The chorus is kept mostly upstage and given no chance to interact with the townspeople.  Even when we first see the townspeople they are sitting in a single row of chairs, facing the back of the next person, heads buried in newspapers.  There is zero chance for interaction and character development. They are cartoons.  Men are sexually-starved buffoons.  Women are tarts.  Mrs Sedley may be a lesbian, in monochrome dove-grey pants suit, long scarf, pert bowler, and masculine strut.  This is the most vivid costume in the show and it deepens the question: when is this supposedly taking place?  My guess would be the late 1920s.  Dancing the Twist and the jazzy snapping of fingers to “Old Joe has gone fishing” only confused thing even more.  At times I felt embarrassed for the cast.

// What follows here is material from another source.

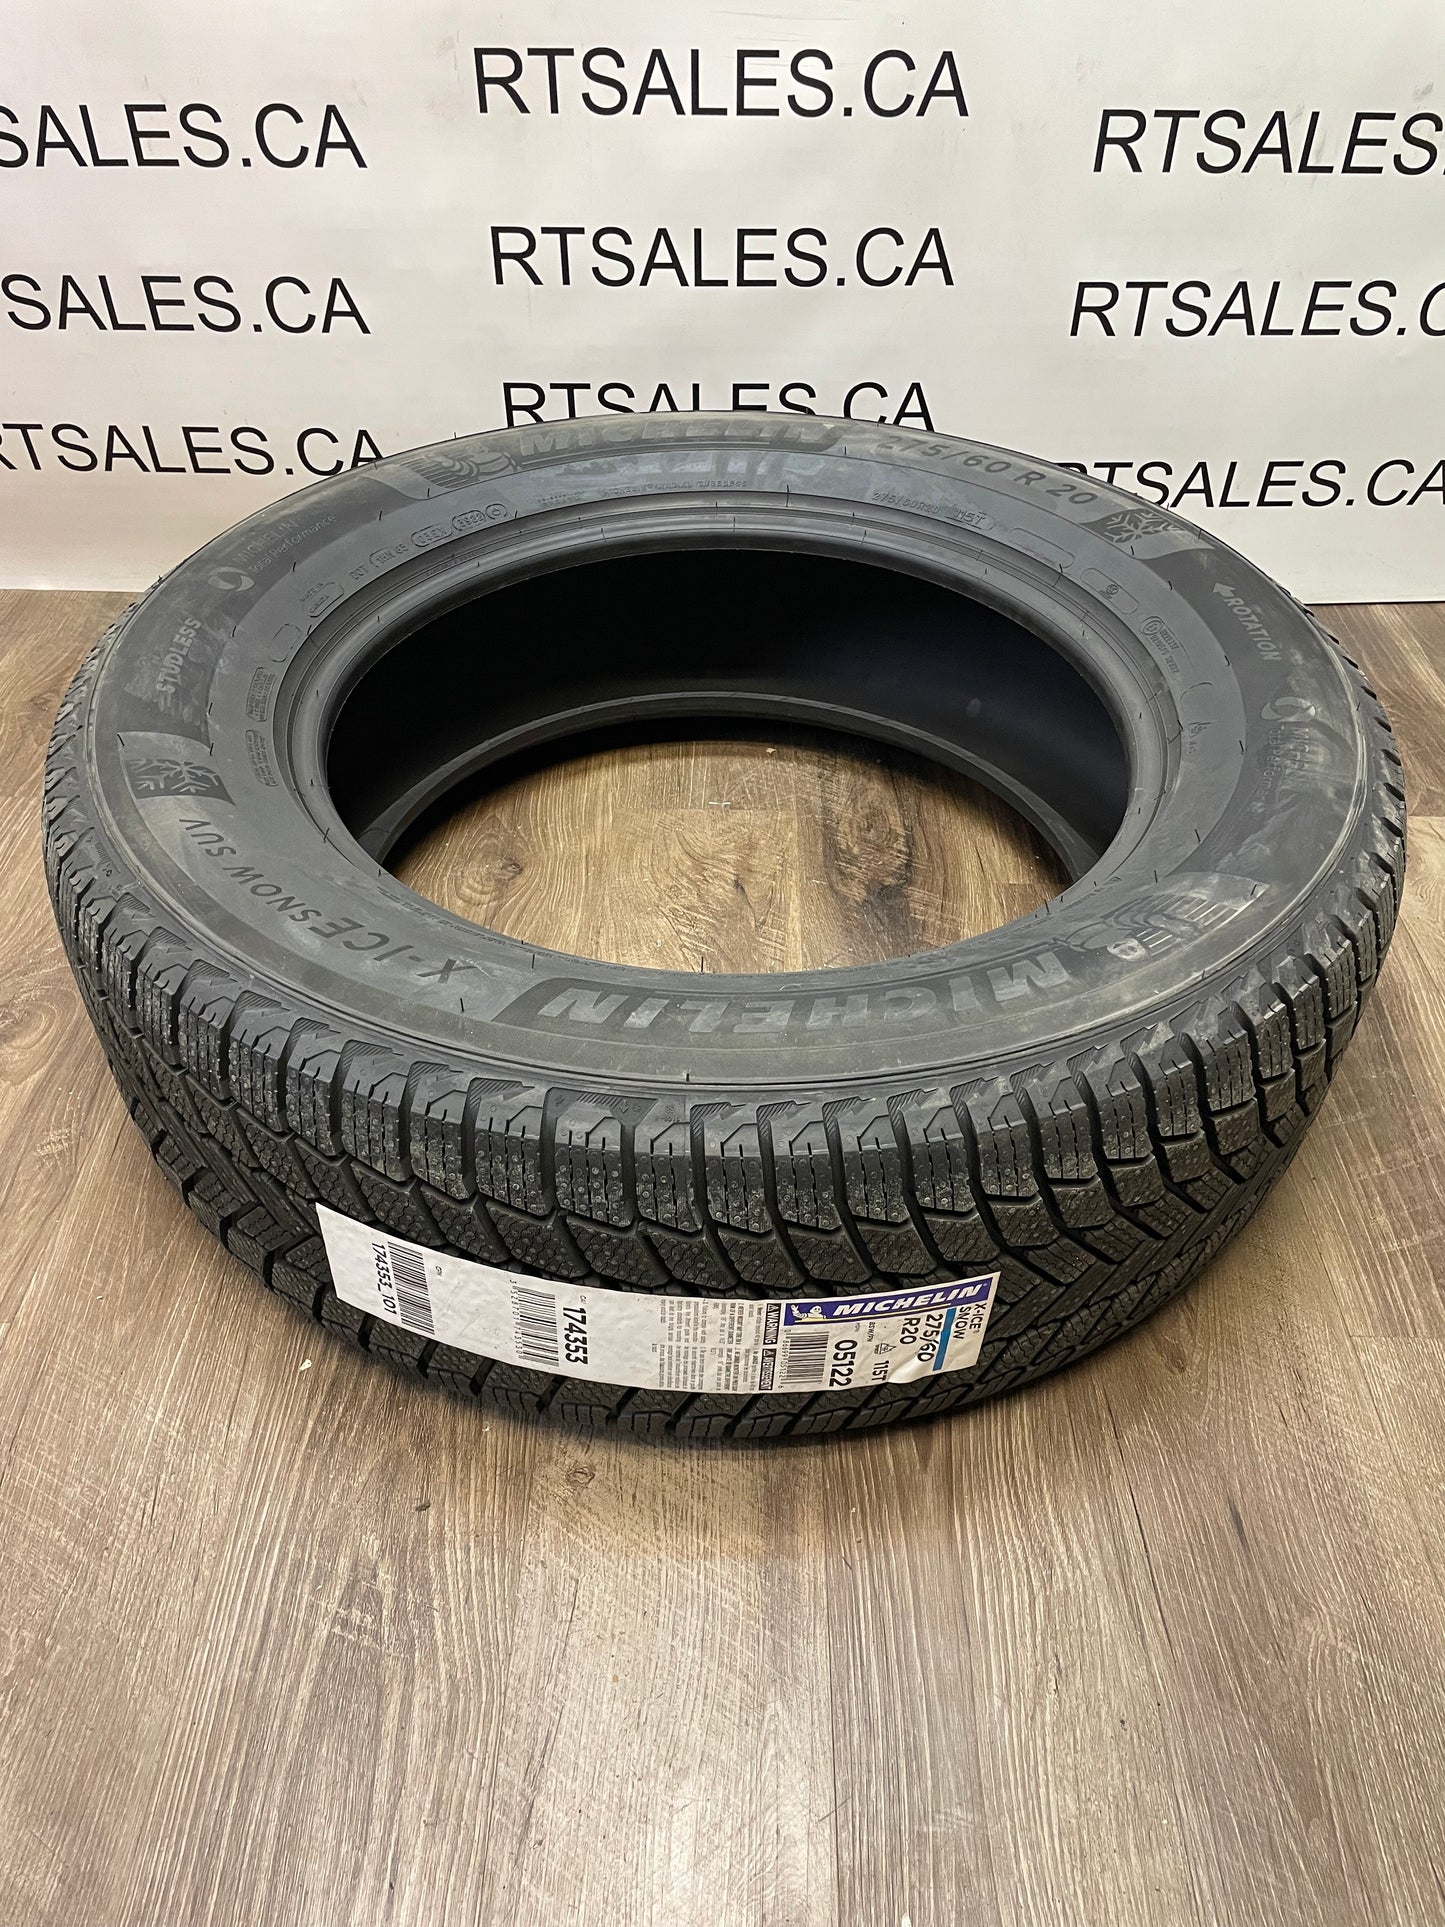 275/60/20 Michelin X-Ice Winter (Set of Four)

Perhaps the most disturbing and needless gimmick is the use of prepubescent boys’ bodies.  When the opera opens at the inquest for William Spode, Grimes’ late apprentice, his body lies centre stage.  Grimes takes the body with him at the end of the scene.  When John-with-no-surname, Spode’s successor, is delivered, Grimes grabs him, takes him to his hut and beats him.  Grimes is oddly not even in the room when John falls to his death (a stuffed body doll is clumsily tossed from the high ladder which the poor kid has to climb wearing a safety harness).  Grimes’ “mad scene” is sung mostly to the dead boy, and when Balstrode yells at him to take the ship out to sea and sink her, Grimes has already departed with the corpse over one shoulder.

Grimes, obviously descending from extremely troubled and socially inept to totally insane, doesn’t hear a word sung by Ellen or Balstrode: he just hovers over and hugs John’s body.  Is paedophilia and/or necrophilia being suggested?  It certainly doesn’t help anyone sympathise with Grimes.  Performed entirely in this black void, there is no sympathy to be found anywhere, except perhaps for Britten.

 

Performances at Wiener Staatsoper continue through 08 February 2022.